Reform is necessary. In a literal and figurative sense both. Reform the Police should be the message. Make the Police force live up to that old line "to serve and protect", to provide justice.

Yeah, to get proper value out of a service it usually needs a little more funding, not less.

nadermx

"Two men were released after The Times asked about them, half a year after their sentences had been completed."
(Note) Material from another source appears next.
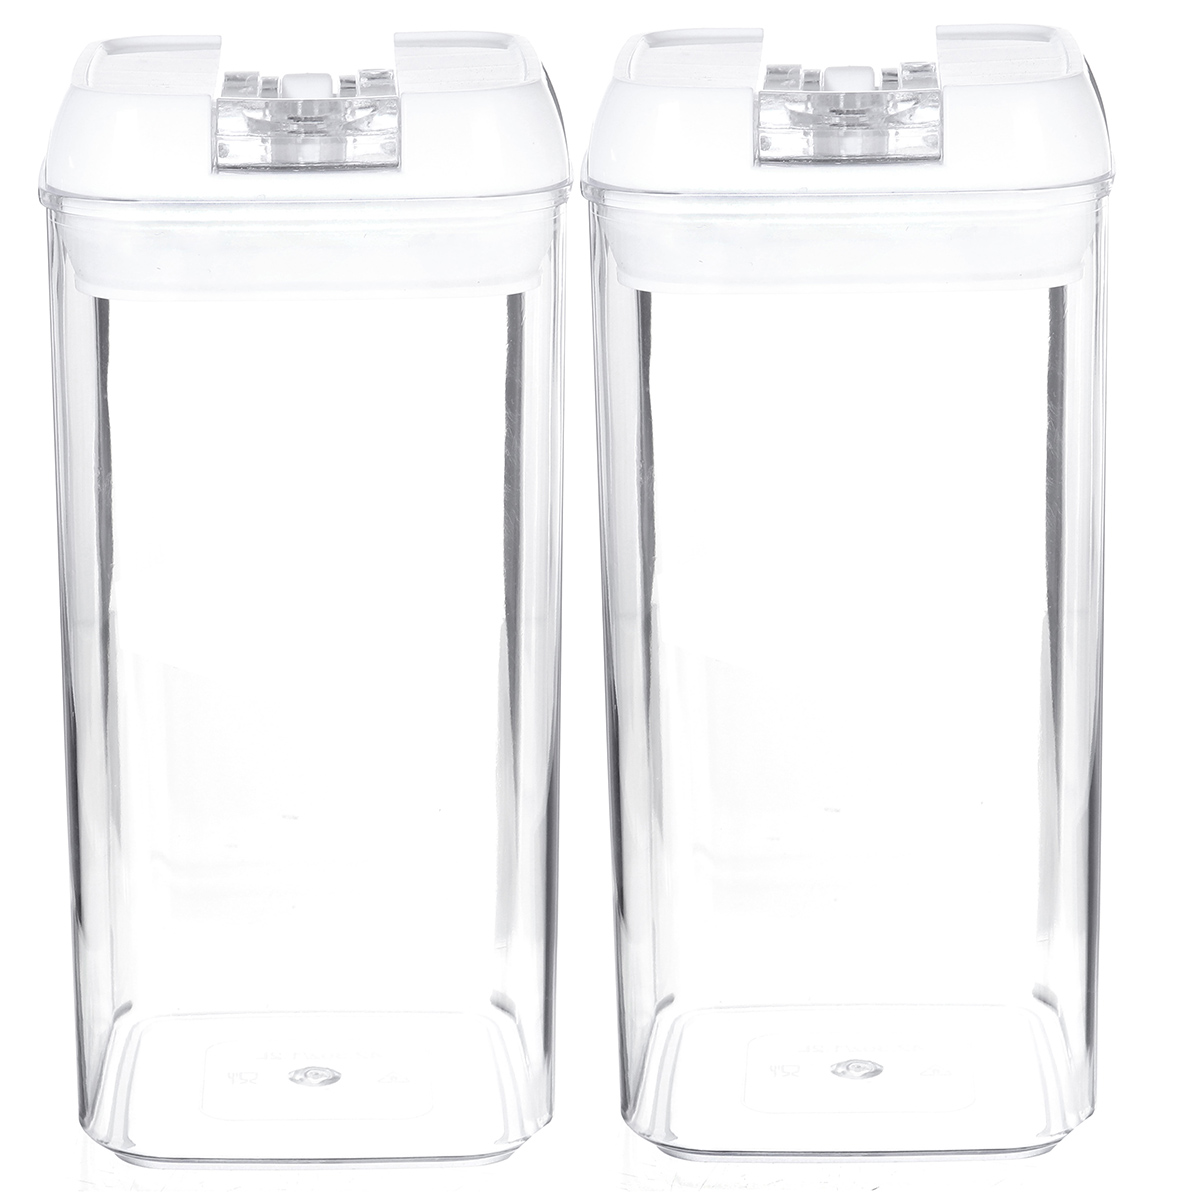 6pcs-Airtight-Refrigerator-Food-Container-Storage-with-Lock-Lids-Plastic-Transparent-Multigrain-Cont-1752734-18

Horrific. This egregious human rights violation is something you'd think you read about in a developing nation, not a developed nation.

sersi

I think at this point the general consensus of most Europeans is that the US has more in common with a developing nation than with a developed nation when it comes to equality in the eye of justice, equal access to health care, support for the downtrodden and freedoms...

rbetts

It is easy to under-estimate the diversity across US States. I don't think many Europeans look at Hungary, Poland, or Bulgaria's justice systems and extend that to an opinion on EU justice in aggregate.

This isn't to excuse the abysmal state of affairs in large swathes of the US. Just to say that the US is rarely sufficiently uniform to summarize as a single entity, especially in topics like justice systems where States have significant sovereign power.

walrus01

I've heard the US described as a third world country wearing a Gucci belt.

NekkoDroid

I personally still call the USA "the most advanced 3rd world country posing as a 1st world country"

Veelox

This general consensus is part of why Trump gets support for his recent trade and defense comments and actions. Also, from an economic perspective the US has been successful and has poured that success into different buckets than Europe would prefer but that's fine, let the US be the US and let Europe be Europe.

Numbers for anyone curious US gdp per capita ~$82.7k EU gdp per capita ~$41.1k

s_dev

GDP of Mississippi and Bavaria, Germany are about the same.

You would be simply insane to think that Bavaria wasn't far far wealthier than Mississippi though.

This doesn't show the limits of either the US or European ways of life but rather GDP itself as a figure. It has it's uses but that's it. Lay people are far too dependent on GDP as a meaningful indicator of wealth. Professional economists use a variety of metrics to compare and contrast different areas and systems.

skyyler

All that GDP per capita and there are still hungry children in West Virginia and single mothers that can't afford to eat healthy food because of their medical debt.

Shame.

pjc50

People posting GDP figures in a thread about jail injustice are why the US has jail injustice.

MattGaiser

This comment also illustrates why many have an issue with Americans.

“We’re rich” is not a reasonable defense against hurting people, yet it is consistently what Americans choose as their defense.

PartiallyTyped

GDP per capita doesn’t mean much when people are slaving away / need 2-3 jobs to survive / are starving / can't feed children.

All evidence shows the US is a failed democracy.

kurthr

Sounds really expensive for the municipality.

The local jailers are probably doing well, though sticking it to the local rubes who support them.

ceejayoz

If you or I did the same thing, we'd be in jail shortly for kidnapping and false imprisonment. Here, at best, it just means the local taxpayers pay a settlement.

CobrastanJorji

Many people are happy to spend money to hurt members of out-groups.

thrance

And they don't even care if it hurts them too, as long as the out-group suffers more.

simpaticoder

> This egregious human rights violation is something you'd think you read about in a developing nation, not a developed nation.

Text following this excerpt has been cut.